House prices forecasting more judgment-based than science
ANZ Bank has looked at how nearly all economists and the Reserve Bank got house price predictions so wrong since Covid snuck into New Zealand last year.
Rewind the clock a little more than a year, and, for example, the ANZ’s forecast for double digit house price drops stand in stark contrast to the 30% plus year-on-year house price inflation that occurred.
Even the Reserve Bank has admitted its house price forecasts have been consistently wrong in the past decade.
The bank, told a parliamentary select committee earlier this month its forecasts had been off by an average of 5.2% since 2010, with house prices rising consistently higher than forecast.
It blamed higher migration and lower mortgage rates for its wrong forecasts.
So why were ANZ, the Reserve Bank and just about every other forecaster so wrong about the house price outlook?
Underlying factors
ANZ chief economist Sharon Zollner says the answer lies in how the underlying factors influencing housing evolved relative to expectations at the time, and how the macroeconomic and Covid health policy response turned out to be a much stronger stimulatory cocktail than anyone imagined.
During the first Covid lockdown and afterwards business and consumer confidence fell through the floor.
Commodity prices – a signal for global demand – plummeted; the country’s biggest export earner, international tourism, was closed for business for the foreseeable future; and a hefty chunk of the economy had just been switched off under one of the world’s most stringent lockdowns.
Zollner says the income shock associated with this looked like it was going to be the largest seen in a generation.
The view at the time was the business cycle needed all the help it could get to offset the income shock and prevent a blowout in unemployment.
“All the while, the possibility of frequent and/or prolonged alert level restrictions – along with the assumption they were more economically damaging than now believed – hung over the economy’s head in such a threatening fashion the prospect of a recovery in business confidence seemed slim.
“As the country now knows, the economy’s evolution has been much less dire than all this.”
Perhaps the main ingredient of the recovery that was underestimated was just how successful New Zealand would be at containing outbreaks and avoiding lockdown, says Zollner.
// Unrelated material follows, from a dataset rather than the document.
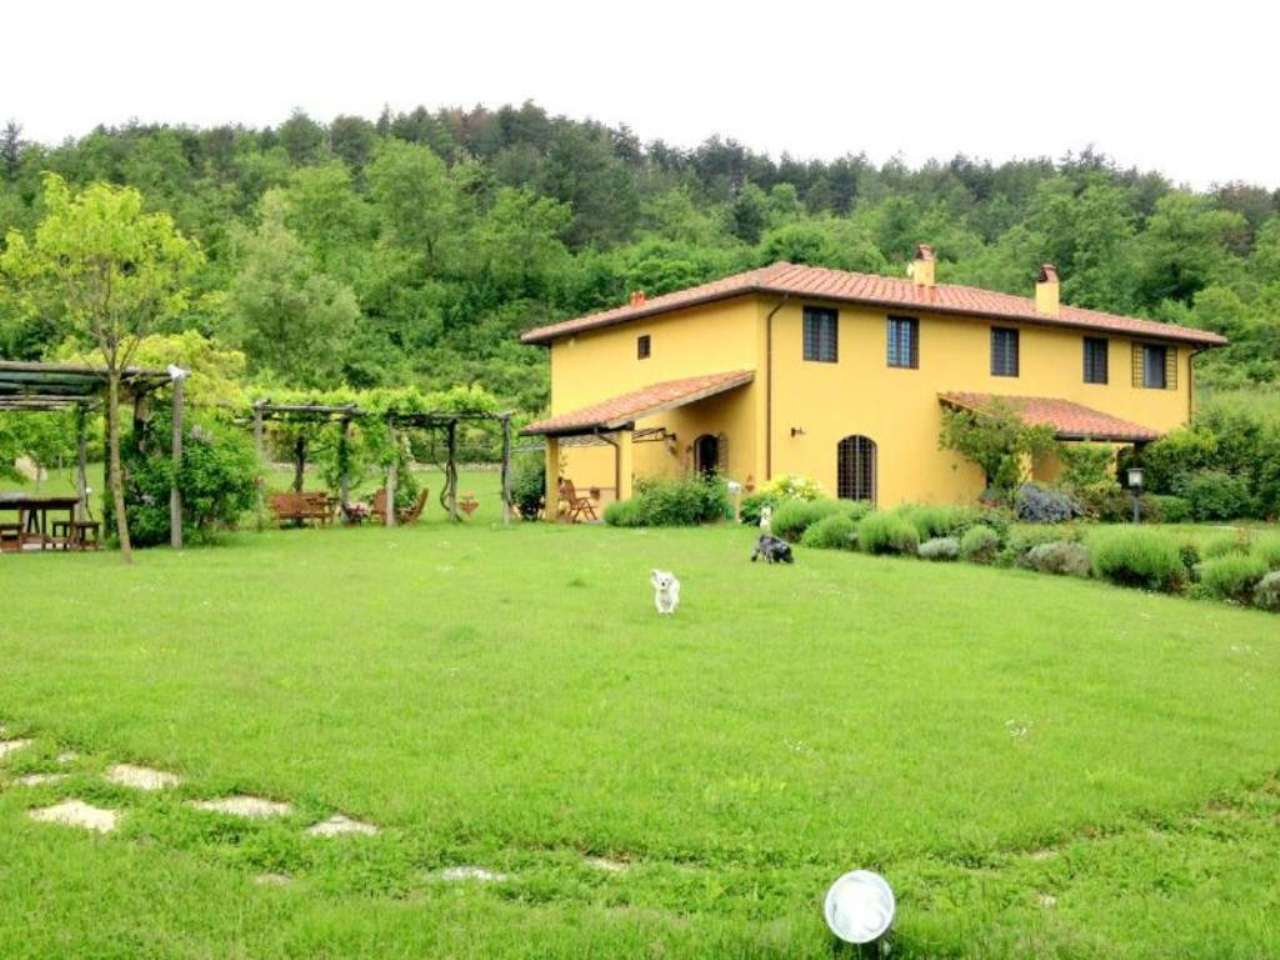 Vendita case e appartamenti a pontassieve for Case in vendita pontassieve

That allowed for higher-than-otherwise economic freedom and mobility, boosted confidence, and made the transmission of fiscal and monetary policy much more powerful than assumed.
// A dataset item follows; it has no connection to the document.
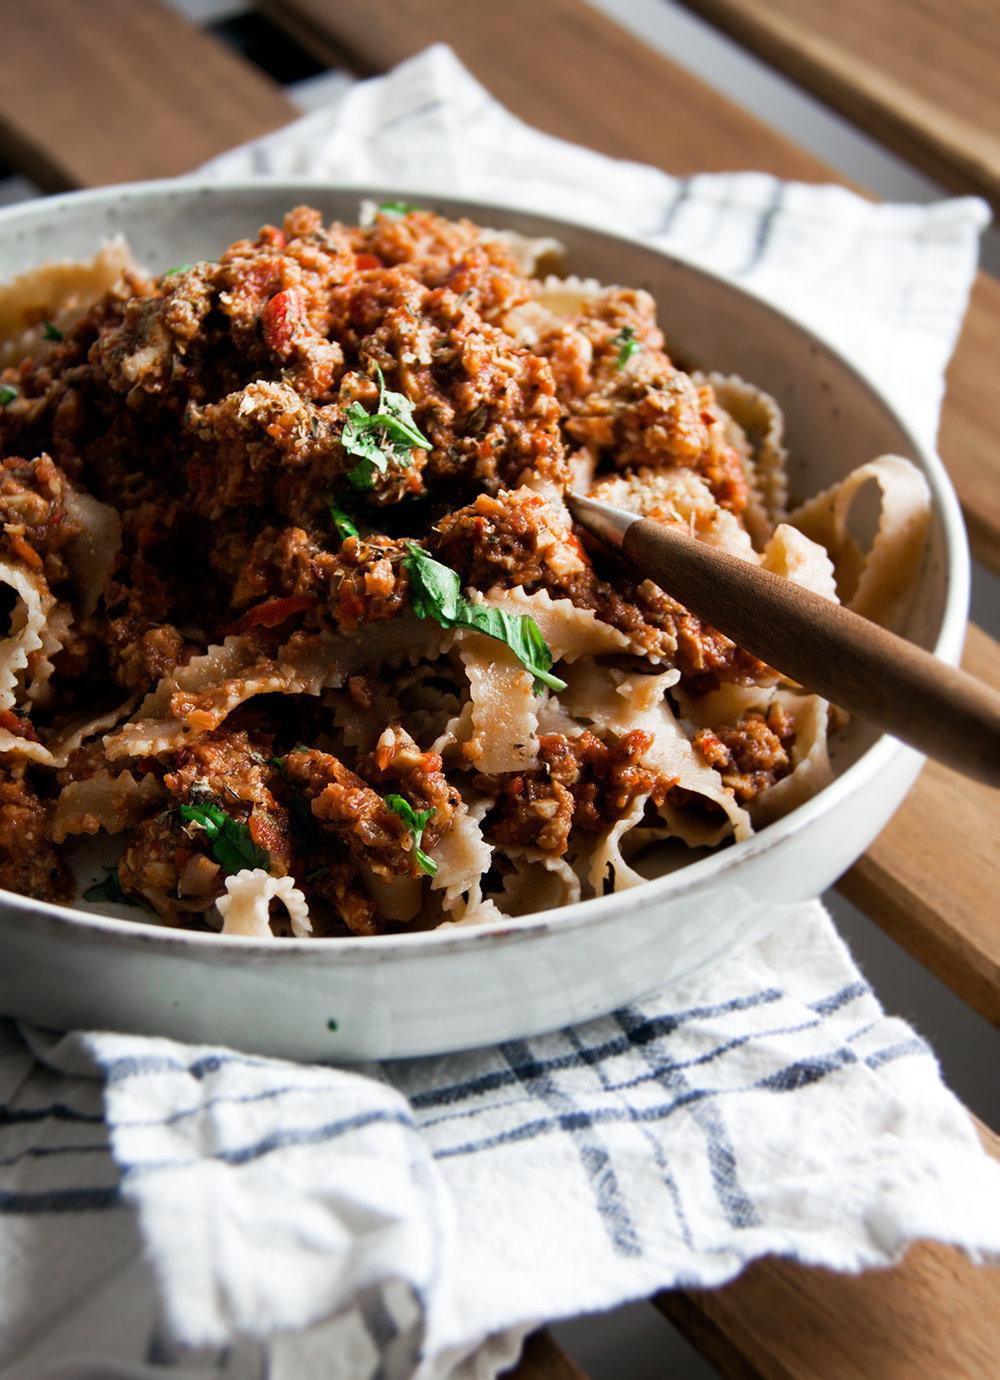 pasta-bolognese-vegan-whole-foods-olievrij.jpg

“Once momentum changed direction, there was so much volatility in the data and lingering virus uncertainty that it took a while for economists and government institutions to centralise it in their outlooks.
“We now find ourselves in that same situation again, where much depends on just how successful the country is at eliminating Covid, and the data is going to be all over the show.”
Models can’t be the answer
Zollner says when it comes to forecasting house prices there is certainly no single model of “truth”.
“All models are nothing more than an extremely simplified representation of a market, and what is put in largely determines what you get out.”
She says it’s important to remember that while some models might work well most of the time, they are probably going to be pretty rubbish when the “big stuff” happens, which is precisely the time when everyone wants accurate forecasts.
“The correlations between variables you’re taking advantage of might not be all that stable in such conditions.”
In other words, models of the market are not the market and economists need to maintain a healthy scepticism of the forecasts they are producing, particularly during a significant shock such as Covid-19.
It is easy, says Zollner to develop house price models based on economic forecasts of key variables such as population growth, interest rates, income growth, and growth in the number of houses, for example.
But forecasts of these variables are likely to be wrong to some extent, and more likely to be more wrong when done in the middle of a crisis.
There are many other forces influencing housing that are not easily quantified, such as “animal spirits”, macro-prudential policy settings – eg LVR restrictions – tax policy changes – the removal of interest deductibility for investors – and compositional changes, such as the dominance of returning New Zealand citizens in recent net migration, she says.
“While economists do attempt to isolate and estimate the impacts of these harder-to-quantify influences, there is no way to fully capture them in the data or consider them together in a statistically robust model.
“That means we need to lean on supplementary analysis to inform our qualitative judgements that overlay our model-based forecasts – and each time we do this introduces new assumptions and uncertainties.”
Zollner says knowing what’s in the forecasting sausage hopefully helps demonstrate just how uncertain anyone’s house price forecast is, particularly at times like these.
“No-one has perfect foresight, but, dangerously, 20/20 hindsight can create that illusion, and no-one has a perfect model of the real world.
“As long as decisions that affect tomorrow need to be made today, there will always be demand for forecasts.”
She says an economist’s job is not to “sell” the one true outlook. It’s to present a central view, highlight the assumptions that feed into it, and express the uncertainties around it to help people make better informed decisions.